Hardware specs : 3 nodes, each has 4 core and 15G RAM

targeted_files = sc.broadcast(sc.textFile(doc).collect()) # 3 files

#hdfs://hadoop.localdomain/path/to/directory/ contains ~60K files
df = sc.wholeTextFiles(
    "hdfs://hadoop.localdomain/path/to/directory/").filter(
    lambda pairRDD: ntpath.basename(pairRDD[0]) in targeted_files.value)

print('Result : ', df.collect()) #when I run this step alone, took 15 mins to finish

df = df.map(filterMatchRegex).toDF(['file_name', 'result']) # this takes ~hour and still doesn't finish

would be using HDFS, spark for this task is correct ? also I thought in worst case scenario the processing time would be equal to threading approach using java ... what am I doing wrong ?
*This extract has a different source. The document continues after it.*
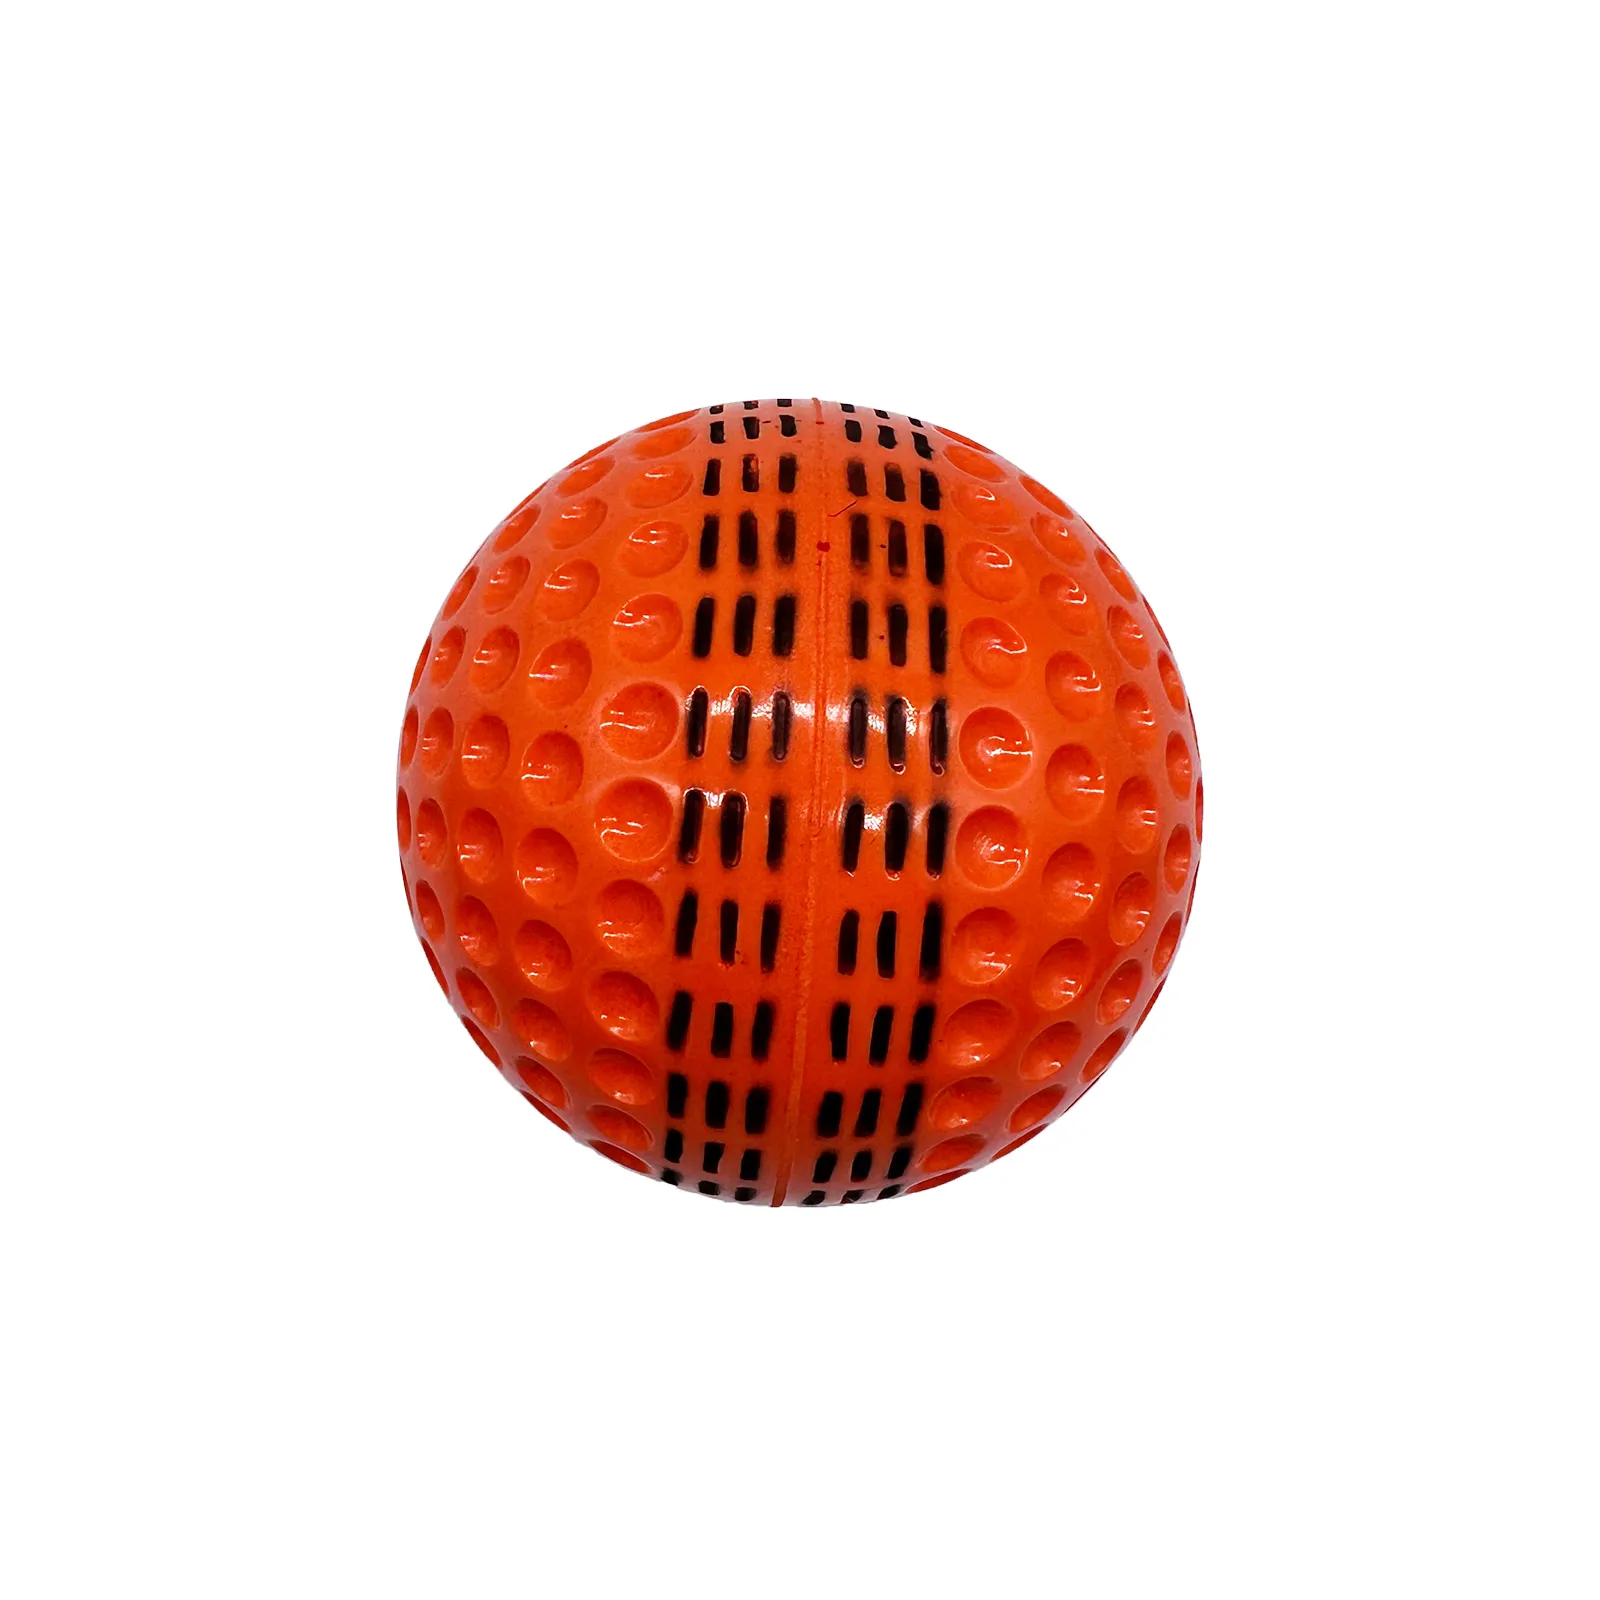 Fabrik preis Aus gezeichnete Qualität 9 Zoll 57g Cricket ball für das Training

I came across this link which addresses the same problem, but am not sure how to handle it in pyspark it seems all/most of time taken during reading files from HDFS, is there a better way to read/store small files and process them with spark ?

Exorcismus
  • 2,243
  • 1
  • 35
  • 68

3 Answers3

1

It doesn't seem like a right use case of spark to be honest. Your dataset is pretty small, 60k * 100k = 6 000 mB = 6 GB, which is within reason of being run on a single machine. Spark and HDFS add material overhead to processing, so the "worst case" is going to be clearly slower than a multi-threaded approach on a single machine. In general, parallelization on a single machine (multi-threading) will be faster than parallelizing over a cluster of nodes (Spark)

information_interchange
  • 2,538
  • 6
  • 31
  • 49
0

In general the best tool to do search in a Hadoop setting is SOLR. It is optimized for searching, so though a tool like spark can get the job done you will never expect similar performance.

Dennis Jaheruddin
  • 21,208
  • 8
  • 66
  • 122
  • will SOLR provide parallel processing for multiple files? – Exorcismus Jul 31 '19 at 15:28
  • @Exorcismus SOLR is indeed built to scale massively, so it can certainly work in parallel. However, upon reviewing the other answers, I must also say that if your total dataset is only a few GB, it feels a bit odd to use a multi-node setup. – Dennis Jaheruddin Aug 01 '19 at 08:11
  • @Exorcismus Also note that solr will not read the files raw from HDFS whenever you want to do something, which may well be the bottleneck that you are hitting. – Dennis Jaheruddin Aug 01 '19 at 08:12
0

Try df.coalesce(20) after loading to decrease the number of partitions and keep their size about ~128MB. Perform transformations and actions afterwards.